1.56 Distributions and appropriate statistics, Part II.

  1. Based on the plots of hypothetical data below, the data skews to the right due to the higher prices above 6,000,000. Given the skewness, the median would be best at representing the price of a typical home. Finally, the IQR would be better at explaining variability than standard deviation also due to the higher prices of a few homes.
house_prices <-c(350000,325000,300000,280000,450000,410000,420000,400000,1000000,980000,900000,800000,6000000,6250000,6500000,6750000,10000000)
boxplot(x=house_prices , data=house_prices , main="Housing Prices", 
    xlab="Houses", ylab="Housing Prices", ylim=c(200000, 10000000))

hist(house_prices)

(b)Based on the plots of hypothetical data below, the data skews to the right due to the higher prices above 1,200,000. Given the skewness, the median would be best at representing the price of a typical home. Finally, the IQR would be better at explaining variability than standard deviation also due to the higher prices of a few homes.

house_prices2 <-c(300000,300000,290000,280000,600000,500000,420000,400000,900000,880000,890000,800000,880000,890000,800000,720000,700000,750000,1250000,13500000)
boxplot(x=house_prices2 , data=house_prices2 , main="Housing Prices2", 
    xlab="Houses2", ylab="Housing Prices2", ylim=c(10000, 2000000))

hist(house_prices2)

  1. Given the age constraint, the data will be skewed to the right. Because of the skew, the median would be a better representation, and the IQR would be better at explaining variability.

  2. Given that a few executives will make most of the money, annual salaries of the employees will be skewed to the right, the median and IQR are better at representing the data and explaining variability.

1.70 Heart Transplants

library(openintro)
## Please visit openintro.org for free statistics materials
## 
## Attaching package: 'openintro'
## The following objects are masked from 'package:datasets':
## 
##     cars, trees
data(heartTr)
str(heartTr) 
## 'data.frame':    103 obs. of  8 variables:
##  $ id        : int  15 43 61 75 6 42 54 38 85 2 ...
##  $ acceptyear: int  68 70 71 72 68 70 71 70 73 68 ...
##  $ age       : int  53 43 52 52 54 36 47 41 47 51 ...
##  $ survived  : Factor w/ 2 levels "alive","dead": 2 2 2 2 2 2 2 2 2 2 ...
##  $ survtime  : int  1 2 2 2 3 3 3 5 5 6 ...
##  $ prior     : Factor w/ 2 levels "no","yes": 1 1 1 1 1 1 1 1 1 1 ...
##  $ transplant: Factor w/ 2 levels "control","treatment": 1 1 1 1 1 1 1 2 1 1 ...
##  $ wait      : int  NA NA NA NA NA NA NA 5 NA NA ...
library(plyr)
## Warning: package 'plyr' was built under R version 3.5.1
mosaicplot(~ transplant + survived, data = heartTr)

(a) Based on the mosaic plot, the height and width of the treament/alive area is greater than the height/width of the control/alive area. One could conclude, that survival is greater if you were in the treatment group. In the frequency table below, 35% in the treatment group are alive while only 12% are alive in the control group.

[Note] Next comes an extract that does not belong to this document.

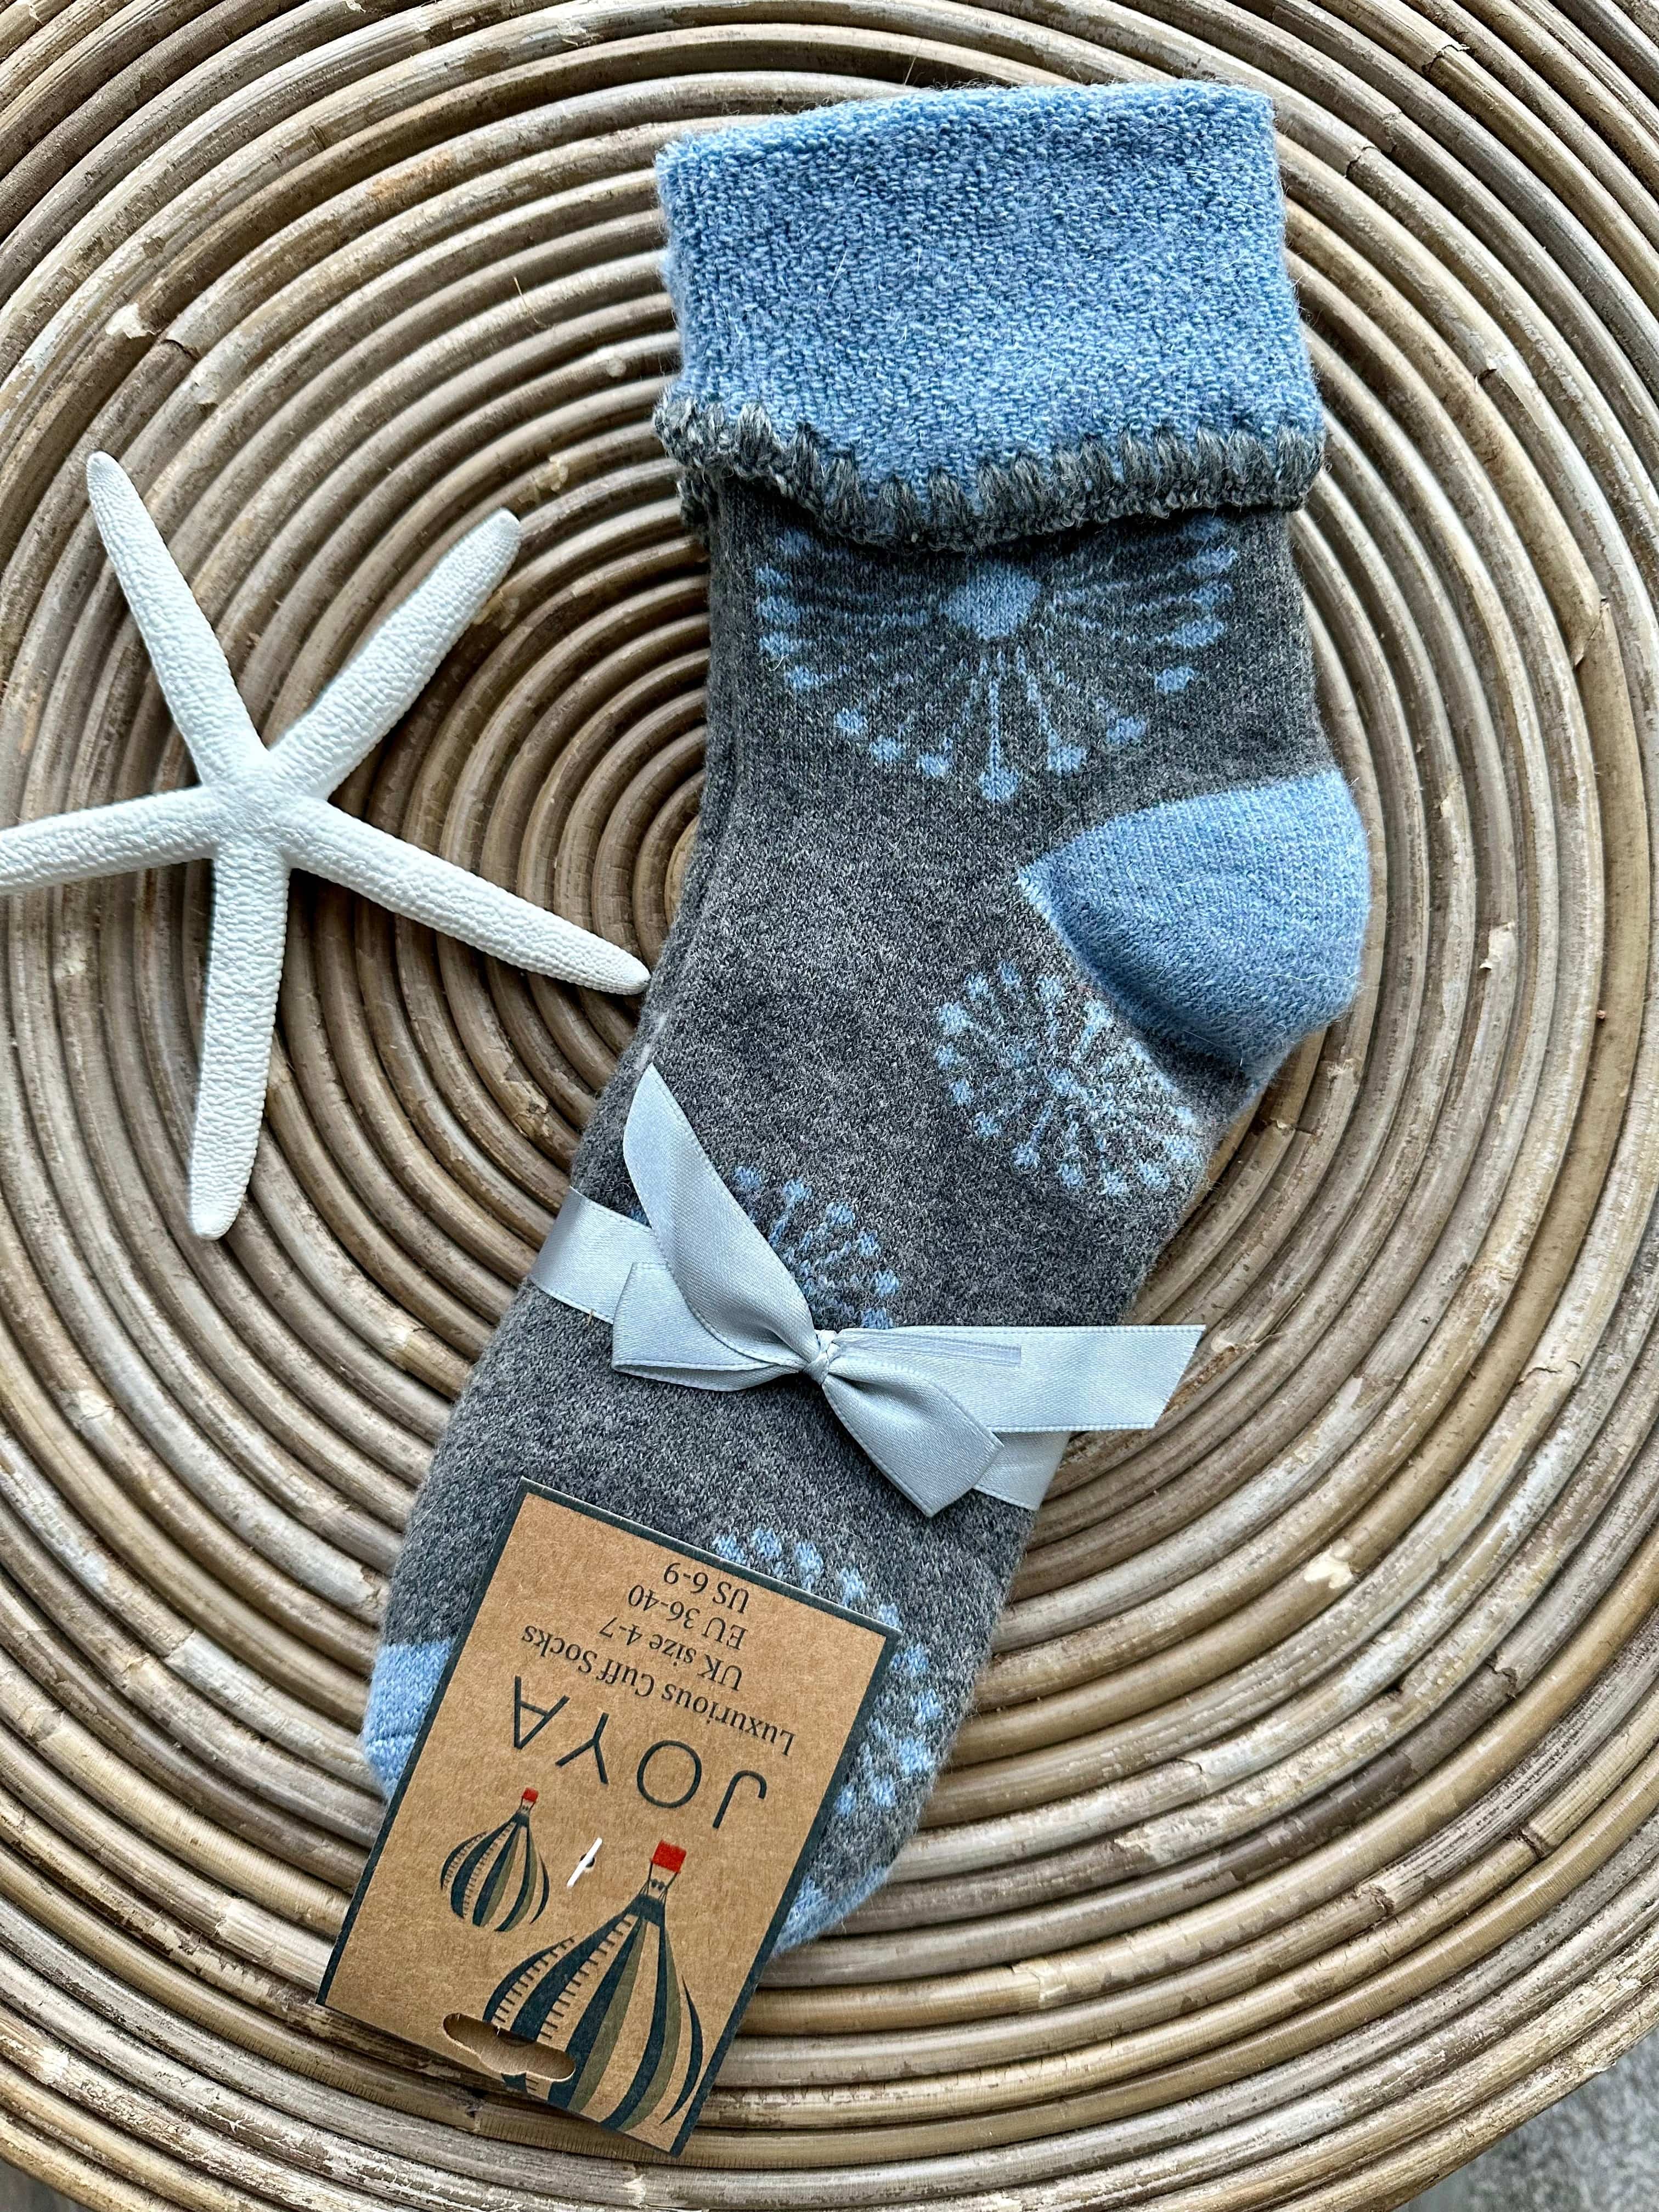 lusciousscarves Joya Ladies Blue and Grey Wool Blend Cuff Socks with Dandelion Clocks Design .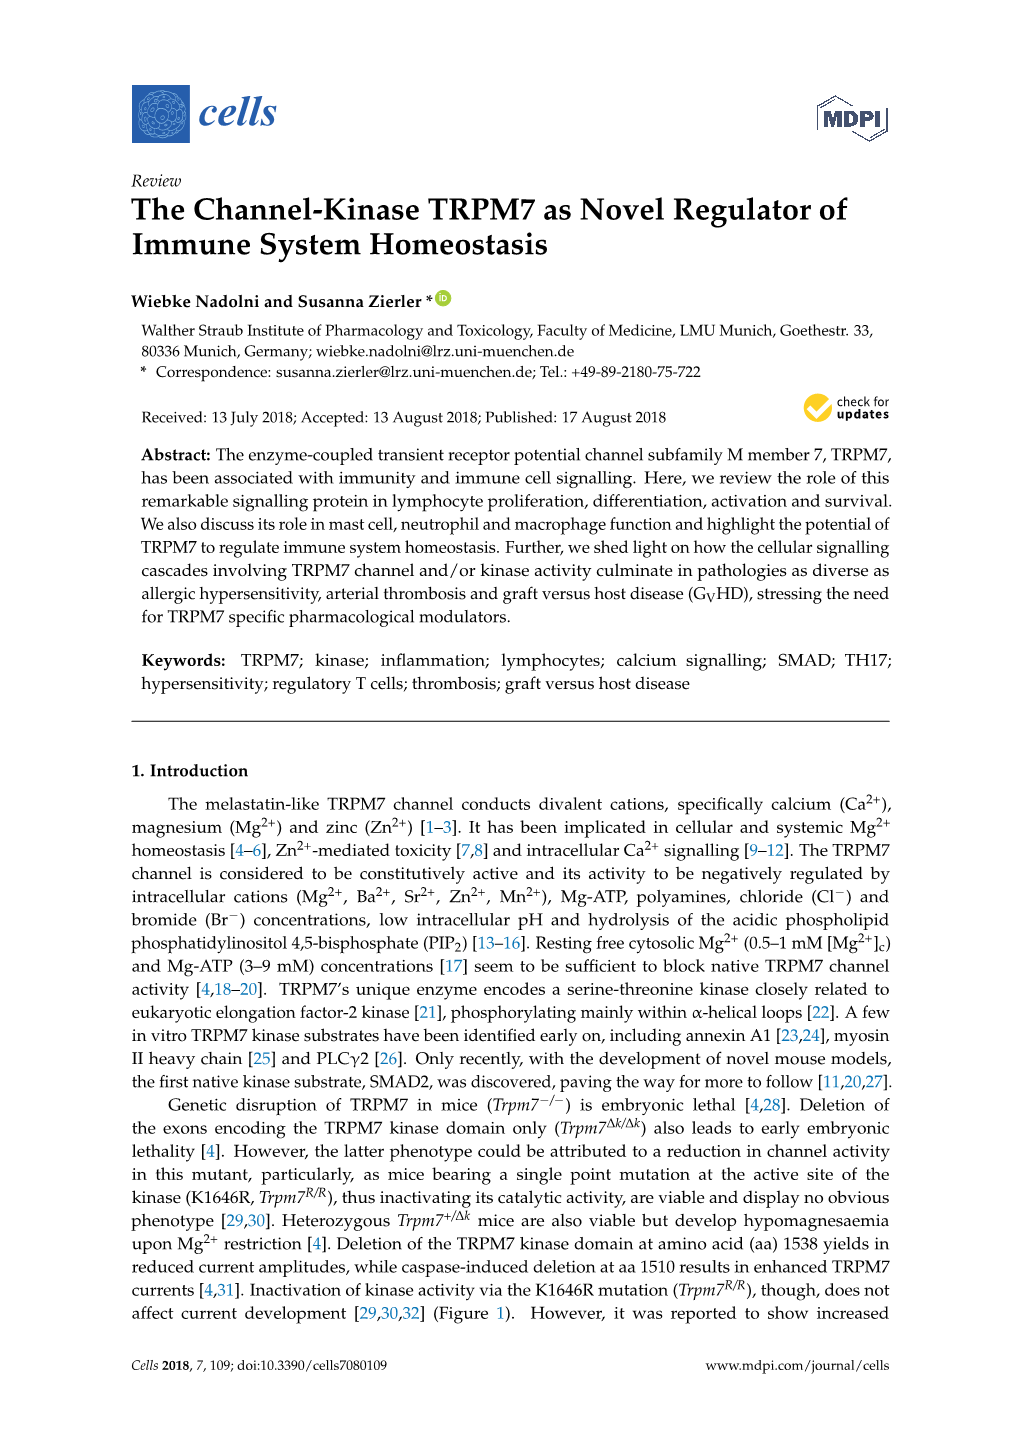 The Channel-Kinase TRPM7 As Novel Regulator of Immune System Homeostasis

count(heartTr, vars=c("transplant","survived"))
##   transplant survived freq
## 1    control    alive    4
## 2    control     dead   30
## 3  treatment    alive   24
## 4  treatment     dead   45
  1. The boxplot shows that the median survival time in days is higer for the treatment group. The data is skewed so the median is a better measure. Also, the control group had a number of outliers which also skew the results.
boxPlot(heartTr$survtime, heartTr$transplant,
    ylab = 'Survival Time (days)')

(c) Approximately 65% of those in the treatment group died while 88% in the control group died.

    1. The claim or null hypothesis being tested is that the heart transplant will not extend the survival time for patients that received them versus those that do not receive them. Any extension of survival time is due to error or chance.
  1. 28 cards 75 cards 69 representing treatment 34 representing control 0 distribution high/low

  2. The simulations show that the fraction simulations where the simulated di↵erences in proportions are indeed low. Therefore, we can reject the null hypothesis that the treatment does extend longevity and that the results are not just by chance.